# MATERIAL TO PROCESS
*****

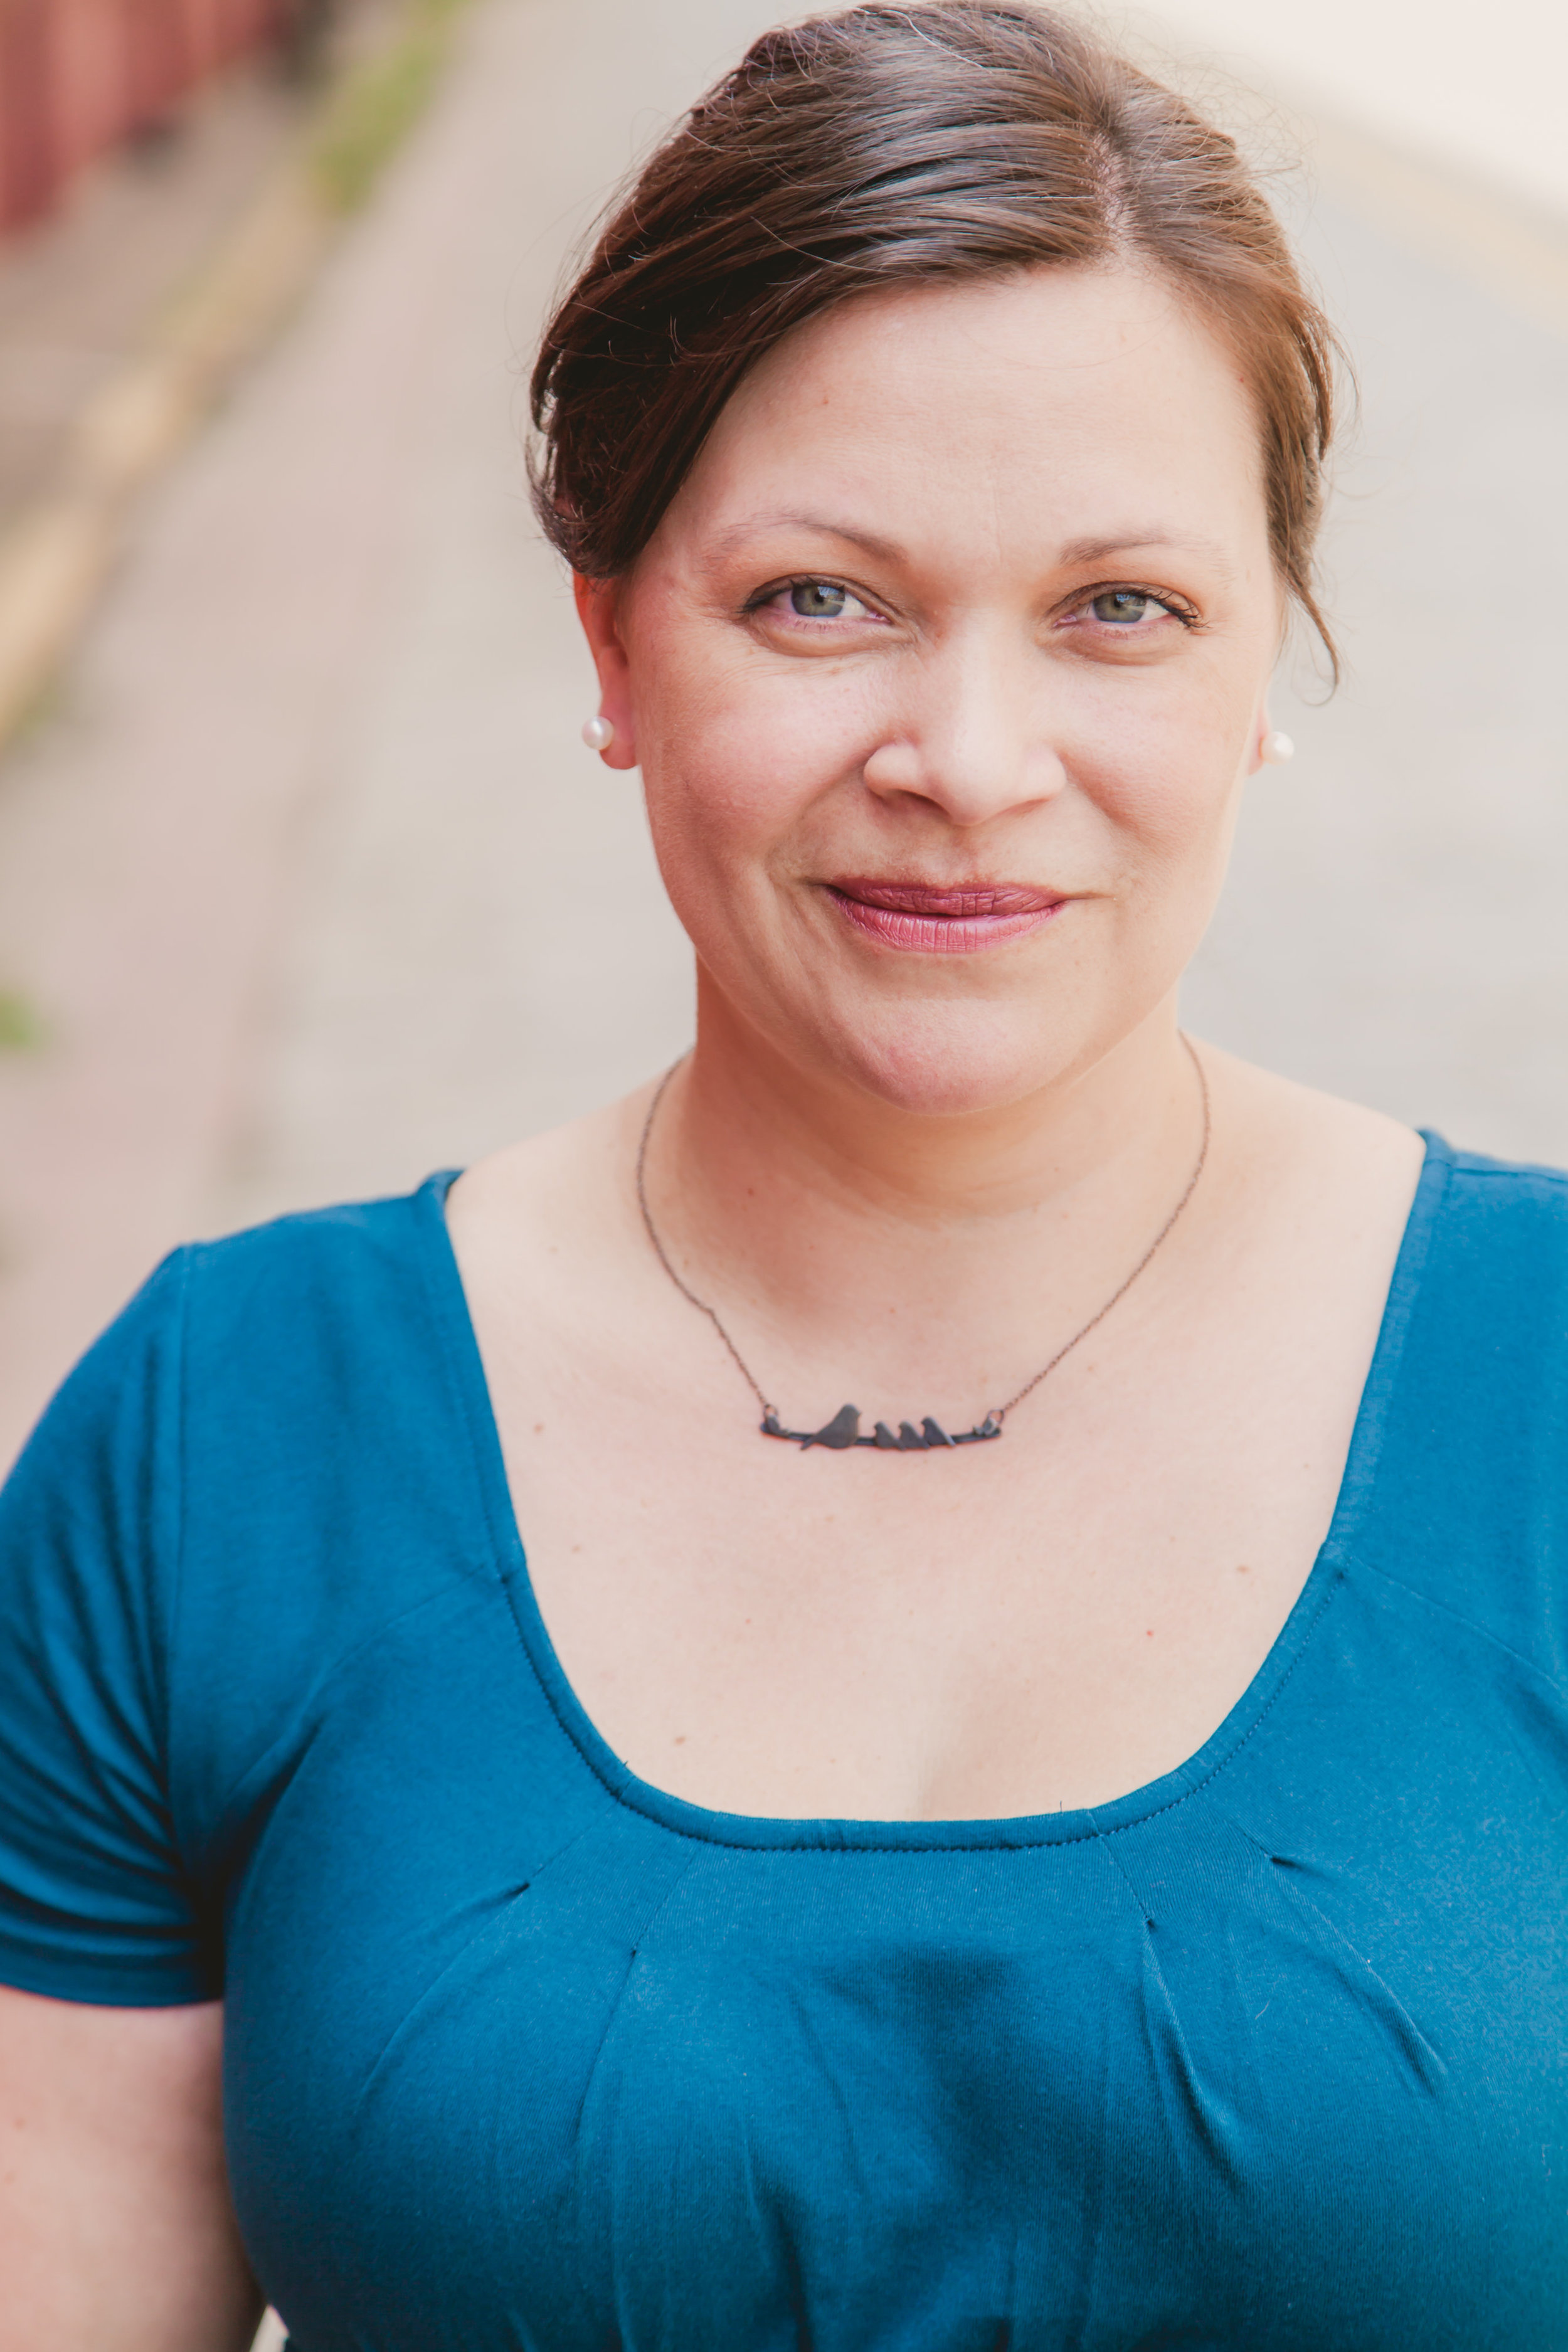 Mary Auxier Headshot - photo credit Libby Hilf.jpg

*****

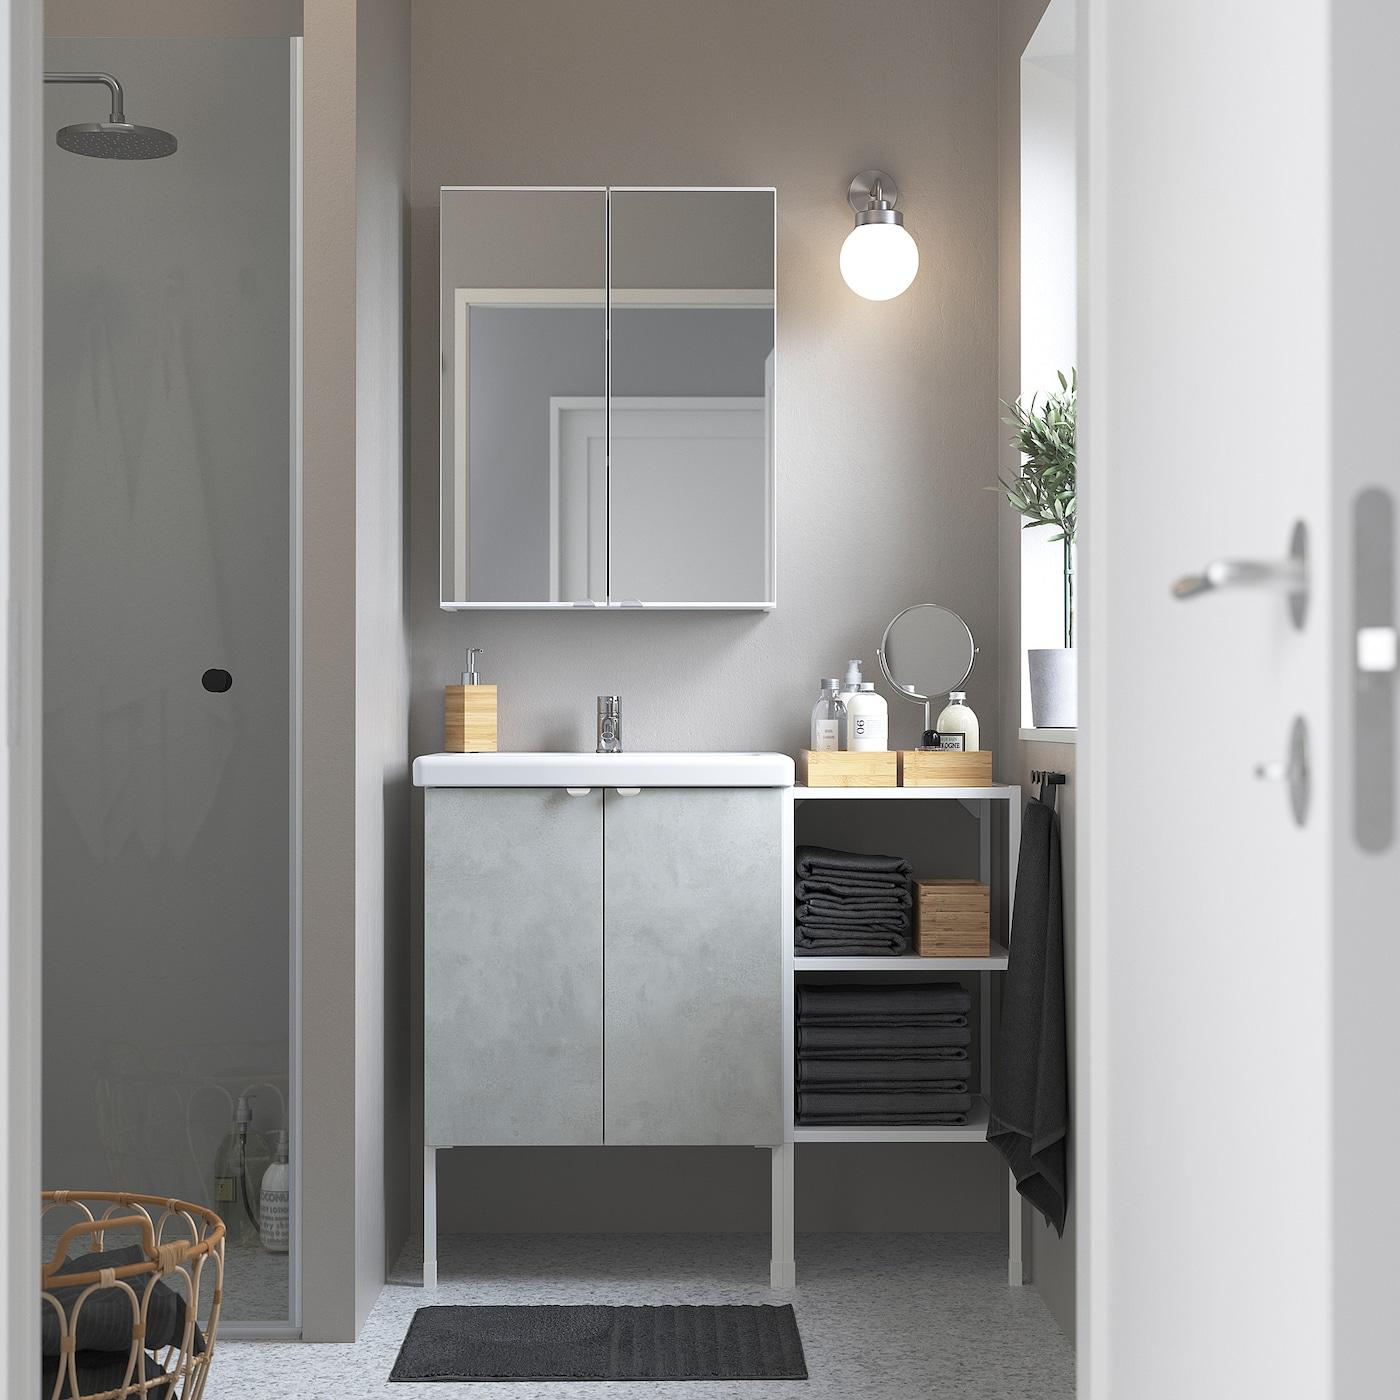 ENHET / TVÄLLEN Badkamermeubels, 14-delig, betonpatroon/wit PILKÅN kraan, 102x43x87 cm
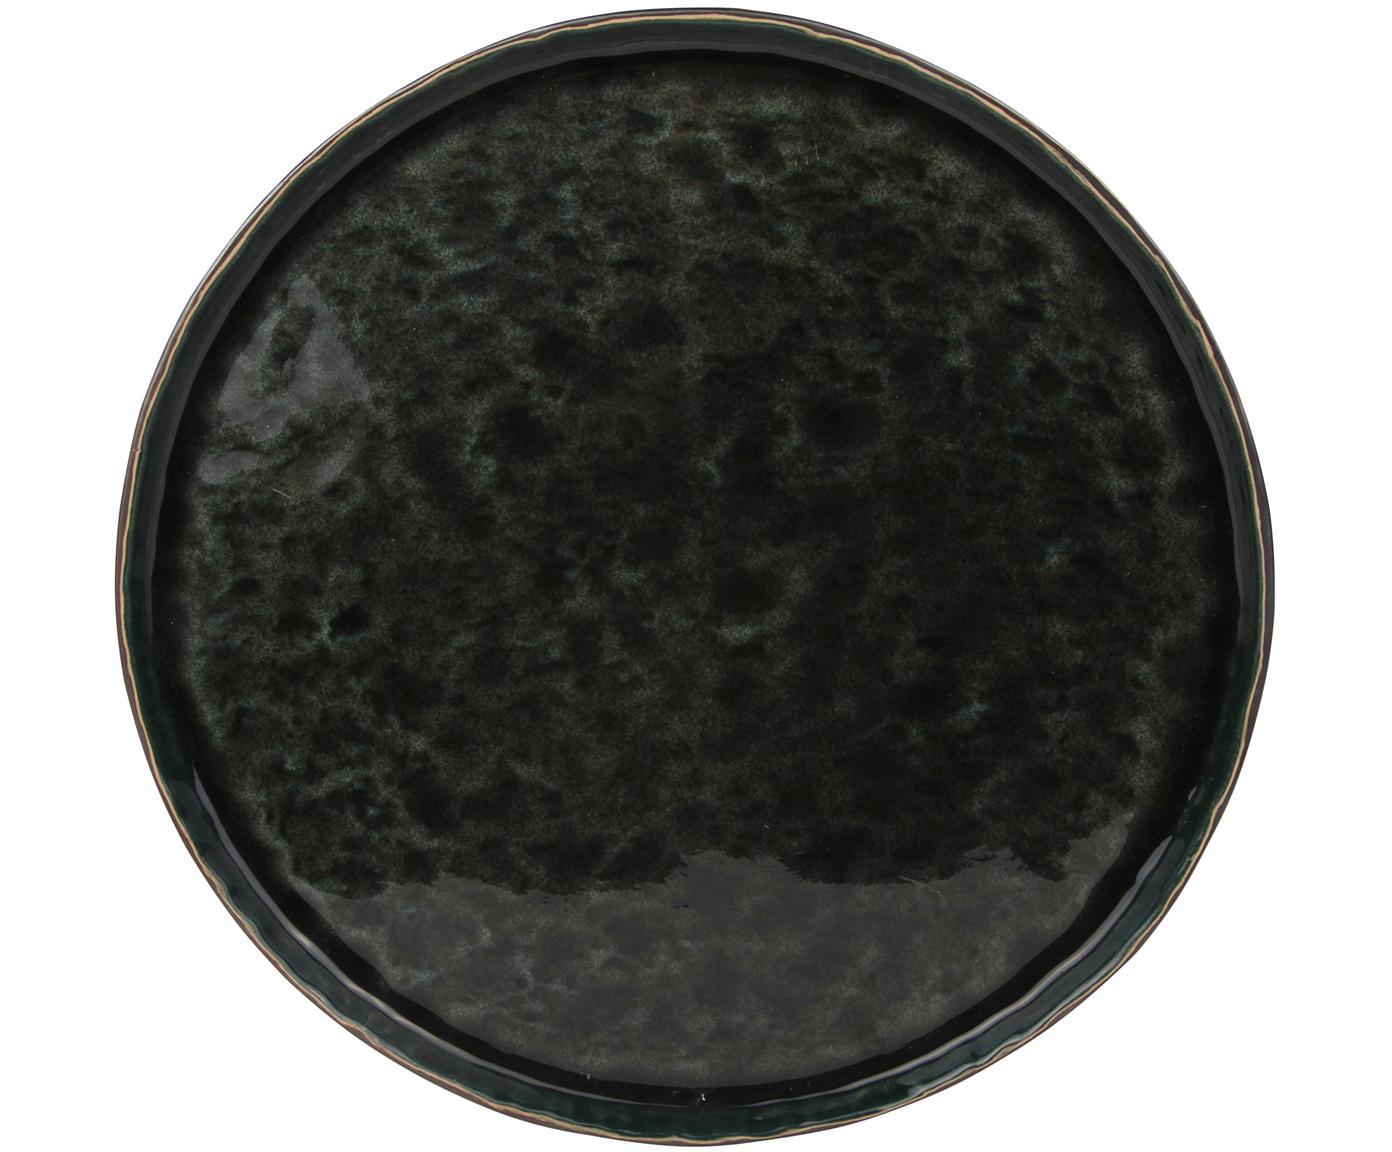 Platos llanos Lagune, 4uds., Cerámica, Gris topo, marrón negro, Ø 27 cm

*****

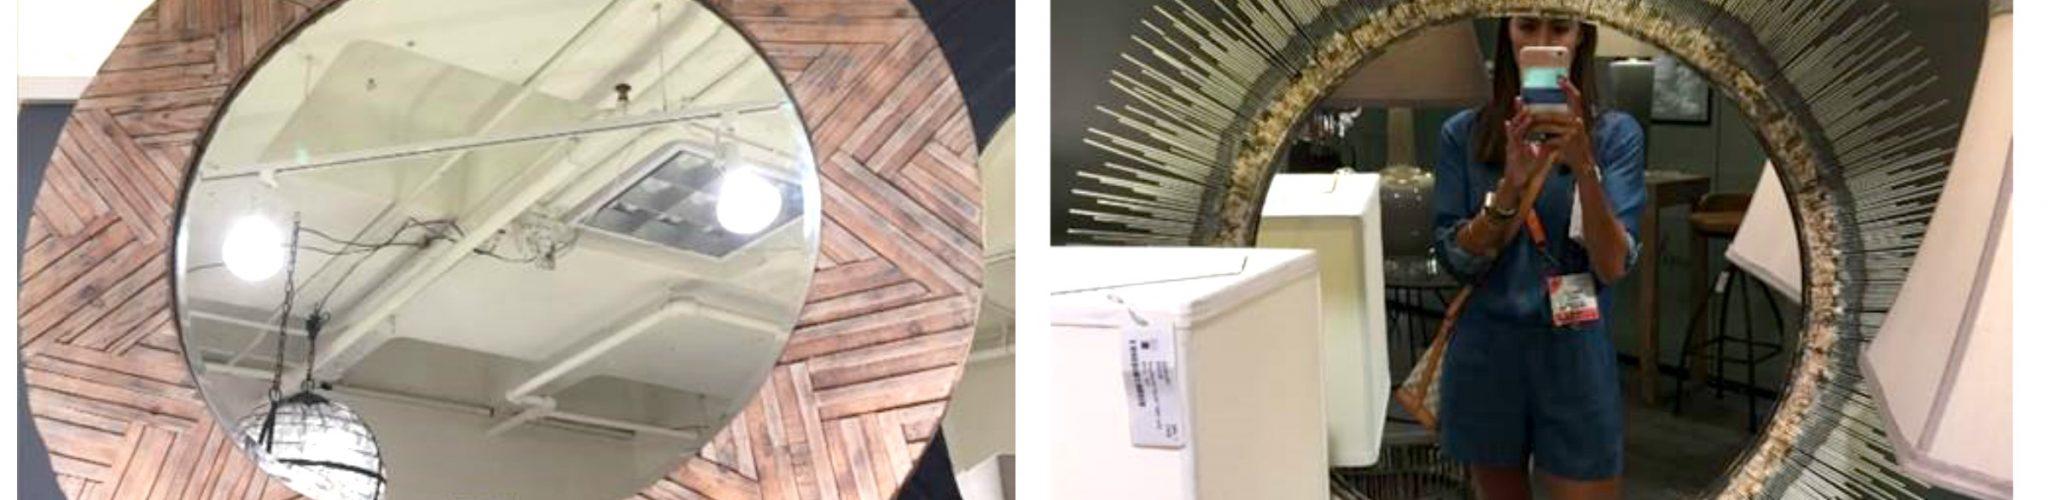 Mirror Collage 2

*****

# WHAT THIS TASK INVOLVES
Above are the records. Copy word for word only their lines from the one holding "ENHET / TVÄLLEN" through the one holding "Platos llanos Lagune, 4uds., Cerámica, Gris", both included, and skip the images.

# ANSWER BOX
 ENHET / TVÄLLEN Badkamermeubels, 14-delig, betonpatroon/wit PILKÅN kraan, 102x43x87 cm
 Platos llanos Lagune, 4uds., Cerámica, Gris topo, marrón negro, Ø 27 cm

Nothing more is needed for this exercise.